As the pipe filled, the progress of the water in it could be traced by the blowing off of the air on the tops of the ridges through the valley, and at last, to the great joy of the engineer and all concerned in the success of the enterprise, the signal fire at the outlet, on the summit of the Virginia range, was for the first time lighted, showing that the water was flowing through the whole length of the pipe.
When the water reached Virginia there was great rejoicing. Cannon were fired, bands of music paraded the streets, and rockets were sent up all over the city. Many persons went out and filled bottles with this first water from the Sierras, and a bottle of it is still preserved in the cabinet of the Pacific Coast Pioneers.

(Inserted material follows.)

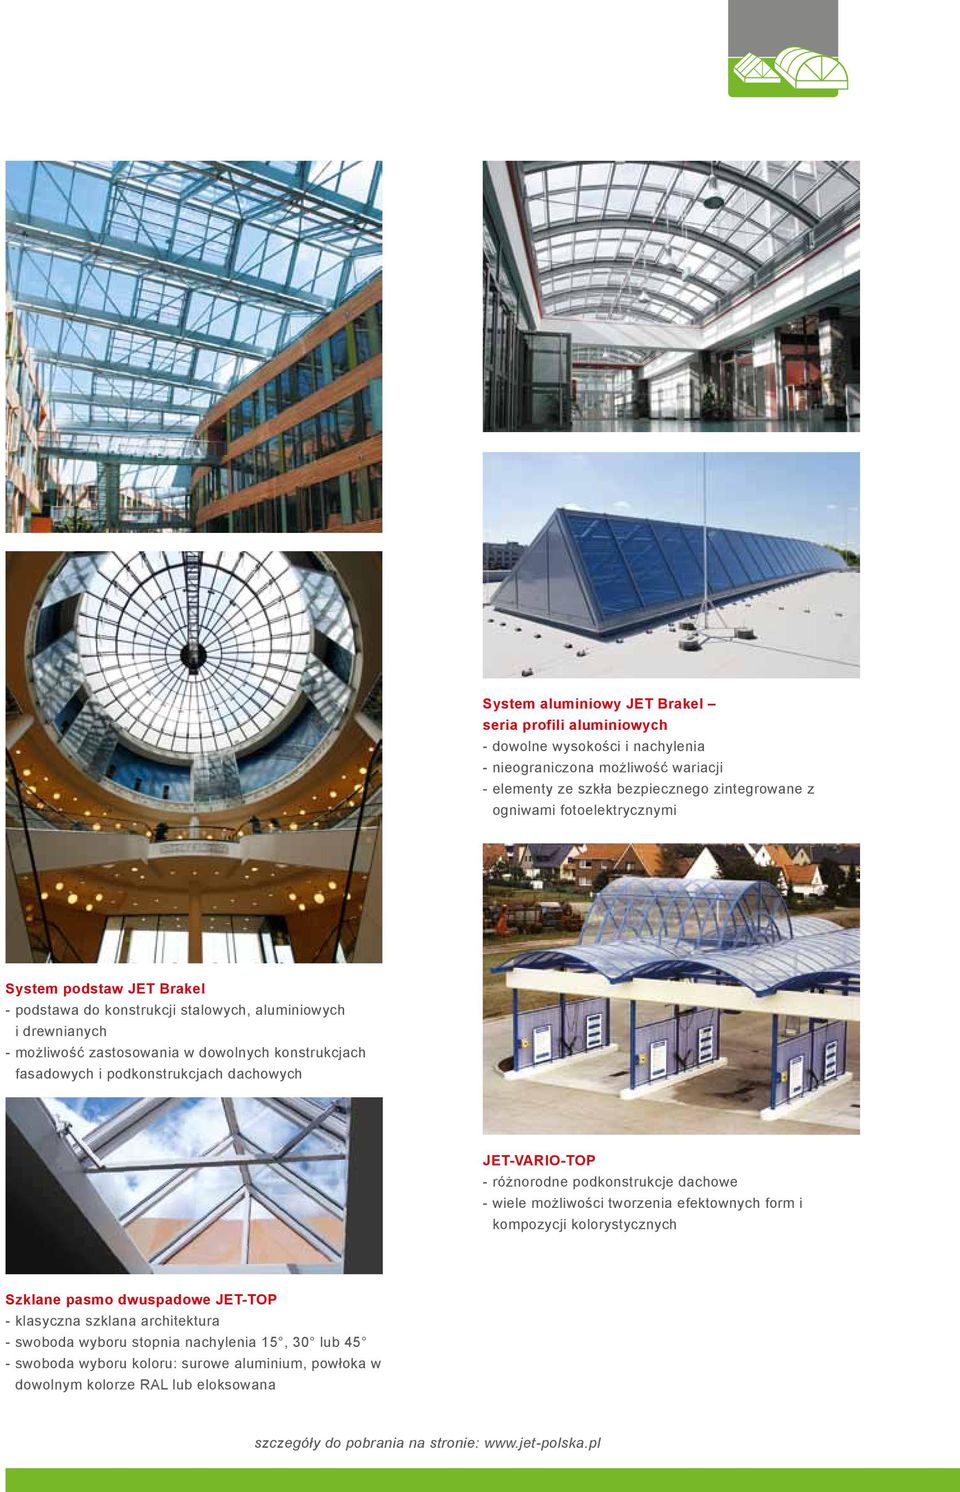 dachowych JET-VARIO-TOP - różnorodne podkonstrukcje dachowe - wiele możliwości tworzenia efektownych form i kompozycji kolorystycznych Szklane pasmo dwuspadowe JET-TOP - klasyczna szklana
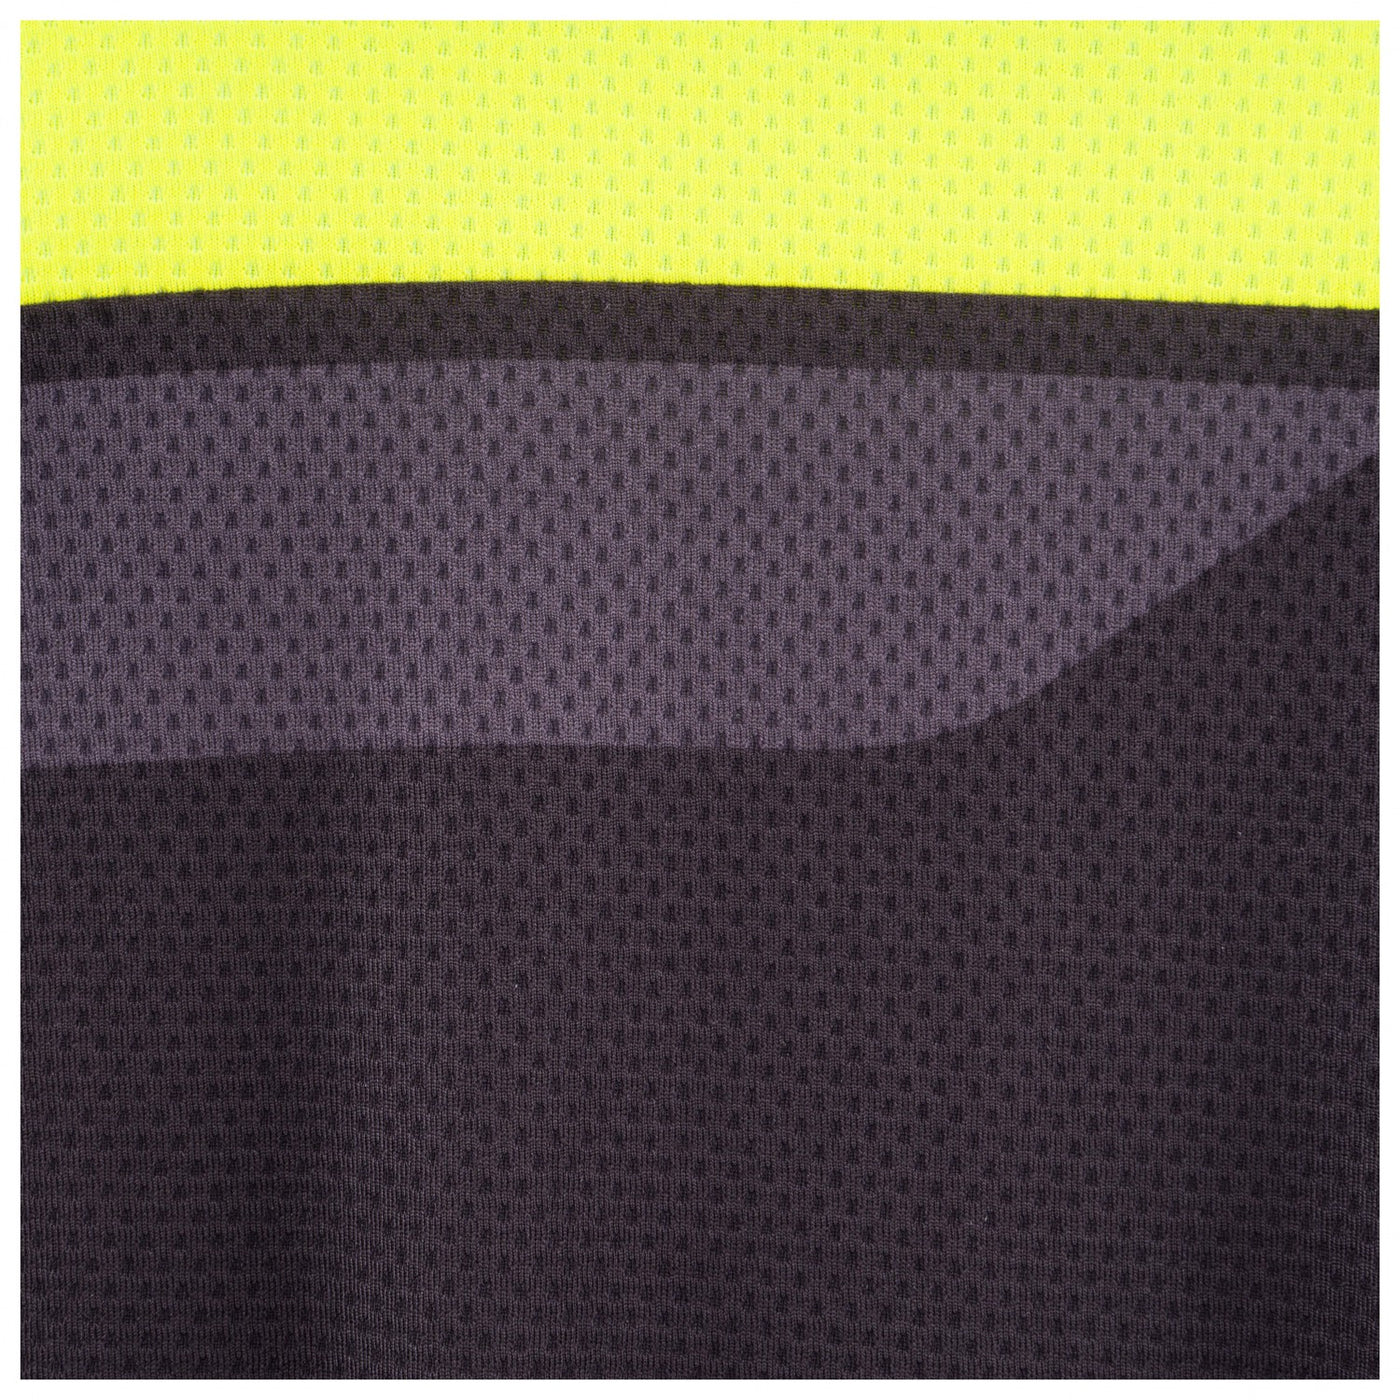 Bioracer Team Men's Jersey 2.0 - Black/Fluo Yellow - Cyclop.in

Previous to the laying of this pipe for the Virginia and Gold Hill Water Company, the greatest pressure under which water had ever been carried in any part of the world was 910 feet. This was at Cherokee Flat, California, and was also under the supervision of Mr. Schussler.
In 1875, the Virginia and Gold Hill Water Company laid a second pipe alongside of the first. This has an inside diameter of ten inches. Instead of being fastened with rivets it is lap-welded, and is the largest pipe ever made in that way. As there are no rivet-heads in it to produce friction, it delivers the same amount of water as the larger pipe, namely, 2,200,000 gallons per twenty-four hours.
[Illustration: GOLD HILL—LOOKING NORTH.]
Previous to 1875, the supply of water was principally obtained from a stream known as Hobart Creek, but, in the year named, the works in the mountains were extended by pushing the supply flume through to Marlette Lake, within the basin of Lake Tahoe, a distance of eight and a half miles, and a total distance from Virginia City of thirty-one and a half miles. In order to reach and tap Marlette Lake it was necessary in one place to run a tunnel 3,000 feet in length under a dividing ridge—the ridge forming the rim of the Lake Tahoe basin. Marlette Lake covers over 300 acres of ground, and in the middle is 30 or 40 feet in depth.
Connected with the works are several reservoirs that hold from three million to ten million gallons of water. Signal fires are no longer necessary along the line of the works, as there is now set up a line of printing telegraph, with numerous stations between Virginia City and Marlette Lake. Marlette Lake lies at an altitude of 1,500 feet above C street, Virginia City, and the water is brought in at such a height above the town that it can everywhere be carried far above the highest buildings, and streams from the hydrants are thrown with great force and effect in case of a fire occurring near them.
There is now not only an ample supply of water in the city for all town and domestic uses, but also for the boilers of the many hoisting works, and for use in the several mills where the ores of the Comstock mines are reduced. The cost of the water-works was over two million dollars.